The recent Court of Appeal decision in Spielplatz Ltd v (1) John Pearson (2) Maureen Pearson  EWCA Civ 804 has provided a reminder of the established principles of annexation in considering whether a chalet which had been constructed on the tenant’s land constituted a chattel or a separate dwelling house under Section 1 of the Housing Act 1988 (the Act).
Spielplatz Ltd was the freehold owner of a naturist resort which leased plots of land to its members. The original intention was that the members would place a caravan or pitch a tent on the plot, which the member would own. Over time, many members constructed chalets or cabins on these plots.
On 14 August 1992, Spielplatz granted an annual tenancy of the plot to the Defendants, including the chalet which the Defendants purchased from the previous tenants. Between 2008 and 2012, the Defendants carried out some improvement works to the chalet and later began to live in the chalet permanently.
Spielplatz sought to serve a six-month notice to quit on the Defendants which was disputed by the Defendants on the basis that the 1992 tenancy was an assured tenancy under the Act.
The County Court, in applying the principles in Elitestone Ltd v Morris , held that:
- As a matter of fact, the chalet was incapable of being moved except by destruction, and it was annexed to the mains water and electricity. The chalet was therefore part and parcel of the plot;
- The chalet therefore constitutes a separate dwelling house for the purposes of the Act and is accordingly an assured tenancy; and
- The parties’ shared belief that the Defendants owned the chalet was irrelevant.
The issue of whether the 1992 tenancy was protected under the Act was dependent entirely upon whether the chalet was a chattel.
On appeal, Spielplatz sought to argue that:
- The County Court Judge had failed to consider and attach proper weight to the relevant intention of the parties and the purpose for which the chalet was annexed to the plot;
- In any event, the 1992 tenancy only extended to the soil of the plot, so at most the Defendants had been given a gratuitous licence to occupy the chalet; and/or
- The 1992 tenancy was excluded from the protection of the Act on the basis that it was only a holiday letting.
The Court of Appeal upheld the County Court’s decision and found that it was correct to conclude on the evidence that the chalet was part and parcel of the plot when the 1992 tenancy was granted. In respect of the grounds of appeal argued by Spielplatz, the Court of Appeal held as follows:
- The parties’ subjective intentions are irrelevant. The question was whether the chalet formed part and parcel of the plot. Following the guidance in Elitestone v Morris, the findings that the chalet was immovable except by destruction led to the conclusion that the chalet formed part of the plot.

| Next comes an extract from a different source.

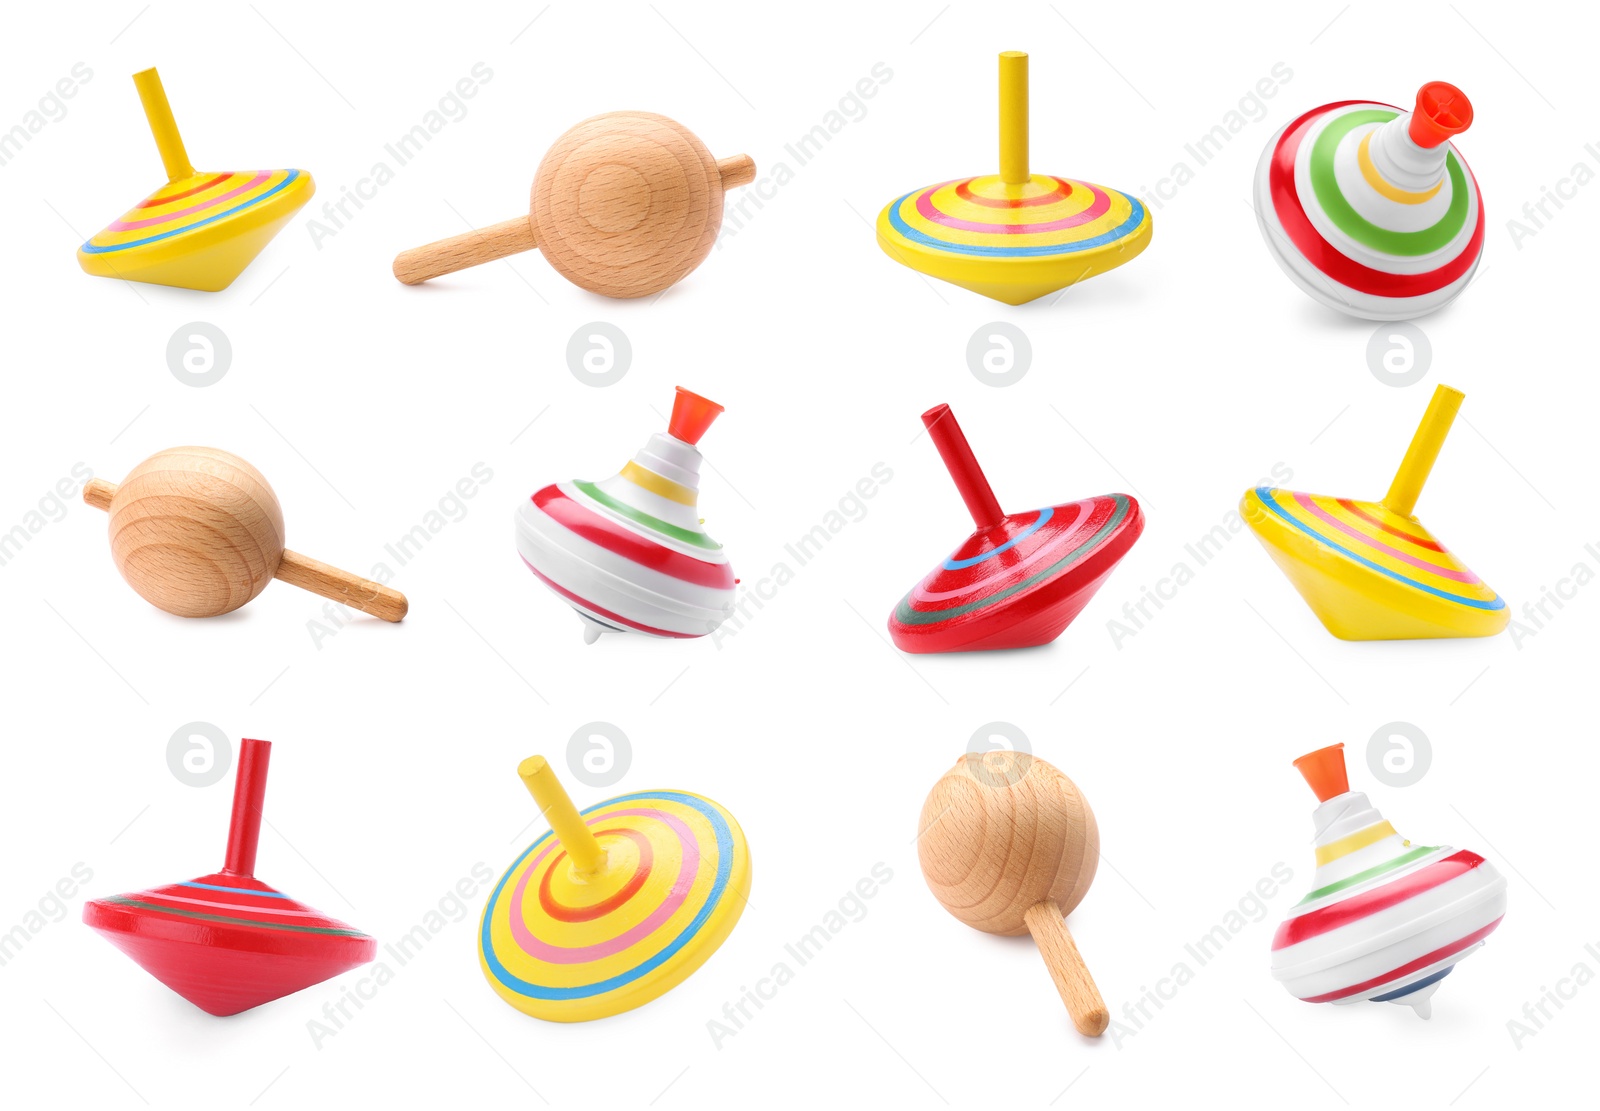 Image of Different spinning tops isolated on white. Toy whirligig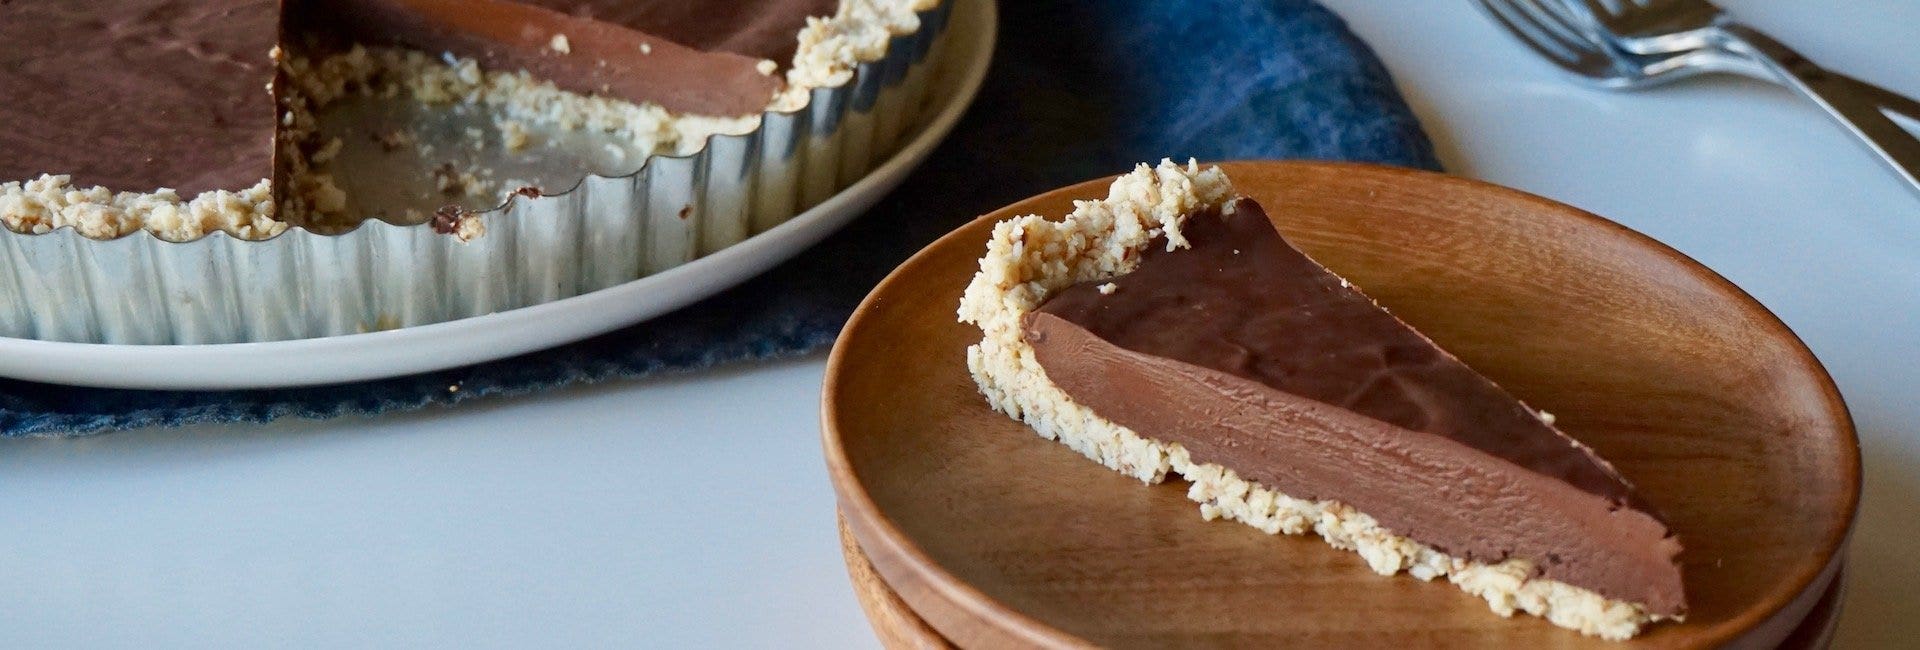 Chocolate Tart with Almond and Cashew Crust

- The argument in respect of the licence to occupy was merely an attempt to avoid the consequences of the 1992 tenancy being protected under the Act.
- The 1992 tenancy was an annual tenancy and the Defendants were able to occupy the chalet all year round. It could not, therefore, be a holiday letting.
This case serves as a useful reminder of the principles of annexation and the potential consequences for the parties of attracting protection under the Act.
In particular, it highlights that the subjective intentions of the parties are not relevant to the finding of whether something is part and parcel of the land; it is the purpose which is served by the object which has to be regarded (see Melluish v BMI (No 3) ).
In this case, the result is that, whilst possession proceedings can still be pursued by Spielplatz, the requirements of the Act, and the necessary grounds, must be complied with. Outside the scope of this case, there are wider consequences of annexation which must also be considered, including the passing of objects to purchasers on a property sale and the tenant’s rights and obligations at the end of a lease term.